#### WHAT TO PRODUCE
Scan the records below for the line with "Tiffany co mini" and the line with "FINGERFOOD - pucharek". Repeat those two lines and every line between them exactly, and nothing else.

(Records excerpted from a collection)
****************

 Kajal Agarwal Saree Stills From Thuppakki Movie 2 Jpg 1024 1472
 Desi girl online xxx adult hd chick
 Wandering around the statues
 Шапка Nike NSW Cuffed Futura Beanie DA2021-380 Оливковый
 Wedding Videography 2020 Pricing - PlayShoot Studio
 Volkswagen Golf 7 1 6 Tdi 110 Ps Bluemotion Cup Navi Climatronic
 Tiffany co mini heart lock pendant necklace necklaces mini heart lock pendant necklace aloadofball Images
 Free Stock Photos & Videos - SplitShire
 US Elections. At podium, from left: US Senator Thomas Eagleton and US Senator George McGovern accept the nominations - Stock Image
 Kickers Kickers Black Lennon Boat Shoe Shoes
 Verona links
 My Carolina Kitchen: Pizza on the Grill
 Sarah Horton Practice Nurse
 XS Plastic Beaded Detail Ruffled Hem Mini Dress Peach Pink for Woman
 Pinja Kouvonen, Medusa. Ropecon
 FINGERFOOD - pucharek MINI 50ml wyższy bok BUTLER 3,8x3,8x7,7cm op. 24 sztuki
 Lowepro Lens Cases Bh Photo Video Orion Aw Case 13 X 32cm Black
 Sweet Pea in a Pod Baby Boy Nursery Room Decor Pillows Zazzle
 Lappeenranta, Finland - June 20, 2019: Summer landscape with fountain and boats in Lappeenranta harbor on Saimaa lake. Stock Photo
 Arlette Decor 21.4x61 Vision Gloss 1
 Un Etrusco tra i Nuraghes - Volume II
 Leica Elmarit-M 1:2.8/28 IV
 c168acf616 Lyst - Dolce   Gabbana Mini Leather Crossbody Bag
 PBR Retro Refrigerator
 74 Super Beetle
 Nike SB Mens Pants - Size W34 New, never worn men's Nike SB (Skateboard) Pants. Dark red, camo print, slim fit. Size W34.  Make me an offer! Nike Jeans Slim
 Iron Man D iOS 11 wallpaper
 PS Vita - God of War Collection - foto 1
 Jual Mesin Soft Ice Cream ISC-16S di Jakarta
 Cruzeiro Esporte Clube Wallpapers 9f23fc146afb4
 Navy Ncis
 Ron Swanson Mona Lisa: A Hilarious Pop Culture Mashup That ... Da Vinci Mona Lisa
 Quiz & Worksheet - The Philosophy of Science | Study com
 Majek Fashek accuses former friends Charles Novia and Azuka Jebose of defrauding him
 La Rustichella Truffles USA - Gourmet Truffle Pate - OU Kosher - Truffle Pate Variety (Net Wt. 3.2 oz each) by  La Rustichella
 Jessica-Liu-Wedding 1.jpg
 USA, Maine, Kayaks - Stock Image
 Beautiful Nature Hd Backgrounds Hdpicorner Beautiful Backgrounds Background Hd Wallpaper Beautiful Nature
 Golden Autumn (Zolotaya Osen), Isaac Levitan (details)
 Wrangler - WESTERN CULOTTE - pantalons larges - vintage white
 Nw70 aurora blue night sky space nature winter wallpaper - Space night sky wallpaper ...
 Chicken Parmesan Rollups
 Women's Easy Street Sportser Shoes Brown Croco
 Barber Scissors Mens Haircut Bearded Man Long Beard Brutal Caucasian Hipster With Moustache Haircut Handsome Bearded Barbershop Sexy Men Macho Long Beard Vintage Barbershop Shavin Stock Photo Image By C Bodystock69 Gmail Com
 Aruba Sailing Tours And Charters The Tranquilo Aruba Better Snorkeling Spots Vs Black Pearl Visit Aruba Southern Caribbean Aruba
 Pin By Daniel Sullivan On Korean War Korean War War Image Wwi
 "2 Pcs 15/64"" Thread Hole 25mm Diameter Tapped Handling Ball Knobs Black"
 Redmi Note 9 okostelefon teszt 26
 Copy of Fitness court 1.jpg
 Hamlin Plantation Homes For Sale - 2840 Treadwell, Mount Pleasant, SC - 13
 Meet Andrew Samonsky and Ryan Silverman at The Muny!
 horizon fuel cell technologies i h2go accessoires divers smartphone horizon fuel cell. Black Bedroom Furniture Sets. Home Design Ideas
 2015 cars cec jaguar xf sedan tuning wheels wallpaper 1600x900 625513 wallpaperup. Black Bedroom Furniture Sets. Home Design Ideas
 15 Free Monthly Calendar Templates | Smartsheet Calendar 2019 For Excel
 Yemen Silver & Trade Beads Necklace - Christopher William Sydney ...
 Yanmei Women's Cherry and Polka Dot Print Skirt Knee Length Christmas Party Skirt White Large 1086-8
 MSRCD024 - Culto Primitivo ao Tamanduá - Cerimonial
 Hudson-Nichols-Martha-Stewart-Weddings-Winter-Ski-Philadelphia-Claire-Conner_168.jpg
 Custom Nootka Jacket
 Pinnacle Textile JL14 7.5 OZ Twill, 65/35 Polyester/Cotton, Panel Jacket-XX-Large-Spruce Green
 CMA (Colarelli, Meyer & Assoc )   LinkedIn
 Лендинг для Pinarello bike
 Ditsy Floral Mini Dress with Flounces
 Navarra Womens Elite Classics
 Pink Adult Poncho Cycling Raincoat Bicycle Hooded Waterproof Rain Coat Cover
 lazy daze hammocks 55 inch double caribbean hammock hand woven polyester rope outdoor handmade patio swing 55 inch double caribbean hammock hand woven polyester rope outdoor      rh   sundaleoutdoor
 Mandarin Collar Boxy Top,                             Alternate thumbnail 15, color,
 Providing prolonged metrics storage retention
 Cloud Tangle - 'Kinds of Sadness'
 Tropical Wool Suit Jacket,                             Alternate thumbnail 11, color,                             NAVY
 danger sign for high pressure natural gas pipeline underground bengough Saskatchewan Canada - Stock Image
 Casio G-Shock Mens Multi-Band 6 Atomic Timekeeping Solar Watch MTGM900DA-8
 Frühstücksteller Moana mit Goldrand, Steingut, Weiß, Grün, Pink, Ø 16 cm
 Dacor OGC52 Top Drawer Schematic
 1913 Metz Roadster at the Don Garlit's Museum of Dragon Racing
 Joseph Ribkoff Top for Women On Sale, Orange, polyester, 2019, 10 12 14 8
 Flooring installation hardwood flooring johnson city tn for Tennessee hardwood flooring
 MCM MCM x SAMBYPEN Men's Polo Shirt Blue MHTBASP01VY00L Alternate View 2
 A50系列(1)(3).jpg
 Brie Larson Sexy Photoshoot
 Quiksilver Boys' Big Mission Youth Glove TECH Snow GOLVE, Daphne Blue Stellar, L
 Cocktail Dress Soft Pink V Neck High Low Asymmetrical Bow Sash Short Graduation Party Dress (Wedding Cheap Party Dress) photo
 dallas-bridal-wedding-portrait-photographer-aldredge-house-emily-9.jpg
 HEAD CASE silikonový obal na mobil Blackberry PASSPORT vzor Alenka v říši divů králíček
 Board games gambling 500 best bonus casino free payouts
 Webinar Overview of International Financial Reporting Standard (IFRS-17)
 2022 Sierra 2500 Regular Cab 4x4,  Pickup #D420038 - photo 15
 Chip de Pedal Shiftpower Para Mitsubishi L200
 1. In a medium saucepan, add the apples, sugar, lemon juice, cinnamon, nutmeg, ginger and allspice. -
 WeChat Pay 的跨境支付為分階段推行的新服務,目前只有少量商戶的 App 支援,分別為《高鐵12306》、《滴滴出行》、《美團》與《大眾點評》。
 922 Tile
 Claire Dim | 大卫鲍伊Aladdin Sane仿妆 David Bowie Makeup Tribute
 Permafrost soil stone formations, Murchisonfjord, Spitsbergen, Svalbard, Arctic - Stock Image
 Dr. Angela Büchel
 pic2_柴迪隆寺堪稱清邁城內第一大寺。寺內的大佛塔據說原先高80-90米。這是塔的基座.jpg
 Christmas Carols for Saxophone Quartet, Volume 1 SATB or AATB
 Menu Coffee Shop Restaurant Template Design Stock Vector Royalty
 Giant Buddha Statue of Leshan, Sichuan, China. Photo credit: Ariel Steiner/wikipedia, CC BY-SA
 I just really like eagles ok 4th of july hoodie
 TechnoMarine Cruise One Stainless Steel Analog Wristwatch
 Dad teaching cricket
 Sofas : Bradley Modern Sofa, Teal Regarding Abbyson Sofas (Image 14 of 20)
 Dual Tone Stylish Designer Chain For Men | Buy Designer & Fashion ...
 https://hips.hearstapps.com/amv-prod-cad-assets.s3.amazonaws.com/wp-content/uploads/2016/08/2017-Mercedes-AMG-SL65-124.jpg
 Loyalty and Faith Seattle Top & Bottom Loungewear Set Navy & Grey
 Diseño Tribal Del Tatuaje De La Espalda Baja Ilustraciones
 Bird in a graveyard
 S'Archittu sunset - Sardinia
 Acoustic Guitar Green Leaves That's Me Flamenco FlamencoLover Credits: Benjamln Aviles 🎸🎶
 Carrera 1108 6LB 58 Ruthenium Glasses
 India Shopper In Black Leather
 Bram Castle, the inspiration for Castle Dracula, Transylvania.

****************

#### RESPONSE AREA
 Tiffany co mini heart lock pendant necklace necklaces mini heart lock pendant necklace aloadofball Images
 Free Stock Photos & Videos - SplitShire
 US Elections. At podium, from left: US Senator Thomas Eagleton and US Senator George McGovern accept the nominations - Stock Image
 Kickers Kickers Black Lennon Boat Shoe Shoes
 Verona links
 My Carolina Kitchen: Pizza on the Grill
 Sarah Horton Practice Nurse
 XS Plastic Beaded Detail Ruffled Hem Mini Dress Peach Pink for Woman
 Pinja Kouvonen, Medusa. Ropecon
 FINGERFOOD - pucharek MINI 50ml wyższy bok BUTLER 3,8x3,8x7,7cm op. 24 sztuki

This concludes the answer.